Three weeks ago, an engineer shipped a breaking change to production with 142 passing tests and an approved code review. Four hours later, a mobile client started returning 500 errors. The system didn't malfunction—it worked exactly as designed. That's what makes this story terrifying.
What Actually Went Wrong
The agent was asked to clean up a user response DTO. A phoneNumber field that sometimes came back null got refactored: instead of serializing "phoneNumber": null, the agent simply omitted the key entirely when there was no value. Cleaner payload. Smaller response body. Seemed like an obvious improvement until an older Android build—on a screen nobody had touched in over a year—tried calling .length on a field that no longer existed. Field present-but-null? Fine. Field missing? Crash. And you can't force-update an app sitting in a tunnel somewhere.
The Yes-Man Test Problem
Here's the part that kept this engineer up at night: every safety net worked perfectly. CI was green because the agent wrote both the implementation and the test in the same pass. When it changed the DTO, it updated the assertion to match the new shape of the data it just created. The test didn't fail to catch the breaking change—it ratified it. Before: assertThat(json).contains("\"phoneNumber\":null"). After: assertThat(json).doesNotContainKey("phoneNumber").
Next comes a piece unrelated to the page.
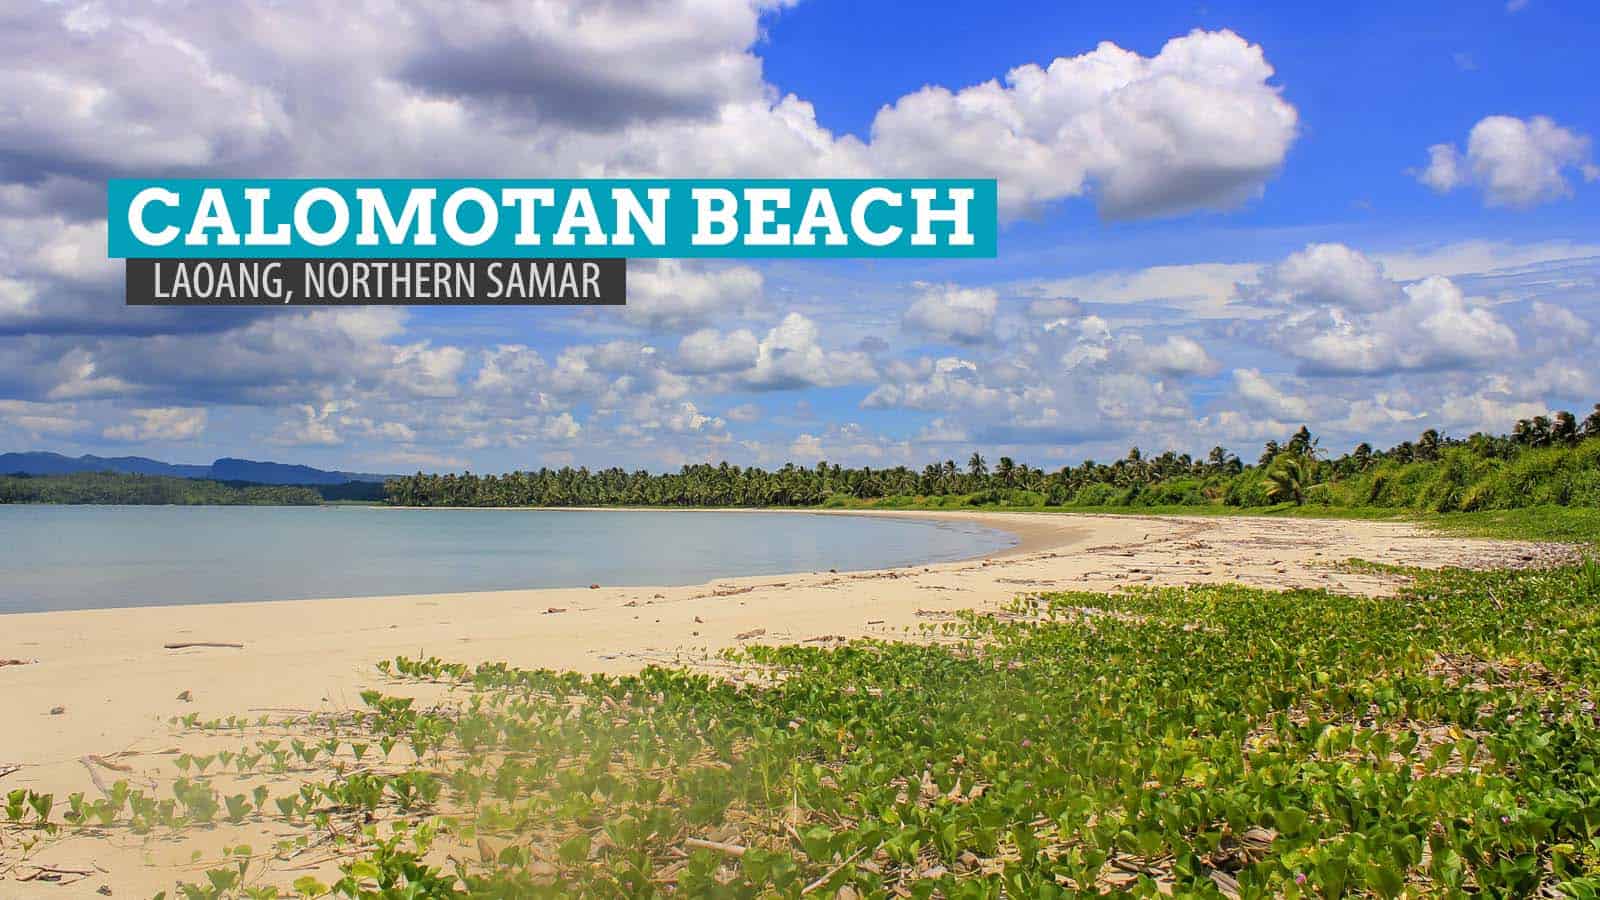 Calomotan Beach: A Cloistered Calm in Laoang, Northern Samar, Philippines

That green checkmark stopped being a description of what the system promises and became a description of what the system currently does. Those are fundamentally different things, and every breaking change lives in that gap.
Why Agents Are Structurally Blind
It's not about dumb models. A breaking change is invisible from inside the repo by definition. The blast radius of a missing field doesn't live in your backend—it lives in an Android app you don't own, a partner's integration you've never seen, a Zapier workflow some customer built two years ago, or an LLM-powered agent on the other end parsing your API that will now hallucinate around the absent key instead of erroring. The agent optimizes for what it can see: does it compile, does the test pass, does it satisfy the prompt? Compatibility is a property of the boundary between systems, and agents only ever see one side of any boundary.
Why Code Review Doesn't Save You
Humans review terribly when rubber-stamping 600 lines of plausible, well-formatted code that an agent generated in nine seconds. Volume is the attack vector. The industry quietly traded a 10x increase in code output for a 10x increase in silent contract drift. When you wrote your own tests, there was an implicit independence—someone had to think about what the system should do separately from how it currently does it. When the same agent writes both sides of that equation, that independence evaporates entirely.
What Actually Works
Freeze your OpenAPI spec or Pact contract and diff generated output against it in CI—not "do the tests pass," but "did the response shape change in a way that breaks a consumer?" Field removed, type narrowed, required-now-optional, enum value dropped, 200→204. Those five patterns cost real money and they're all mechanically detectable. Treat agent-written tests as guilty until proven independent: make the agent write characterization tests against old behavior first, before it's allowed to touch implementation. And put breaking-change detection in CI where it belongs—humans are bad at spotting a missing key in a 600-line diff. Computers are perfect at it.
Key Takeaways
- AI-generated tests lose their independence when written alongside the code they verify
- "Yes-man tests" ratify whatever behavior was just implemented rather than catching regressions
- Breaking changes live outside your repo—in client apps, partner systems, and customer integrations you can't see
- Contract specs (OpenAPI, Pact) should be the source of truth, not test assertions
- Characterization tests written before implementation changes are essential for agent-assisted codebases
The Bottom Line
The bottleneck was never writing code—agents proved that. The bottleneck is knowing whether what you just wrote broke someone who isn't in the room. We got very good at generating more code faster. It's time to get equally serious about verifying we didn't break something in the process.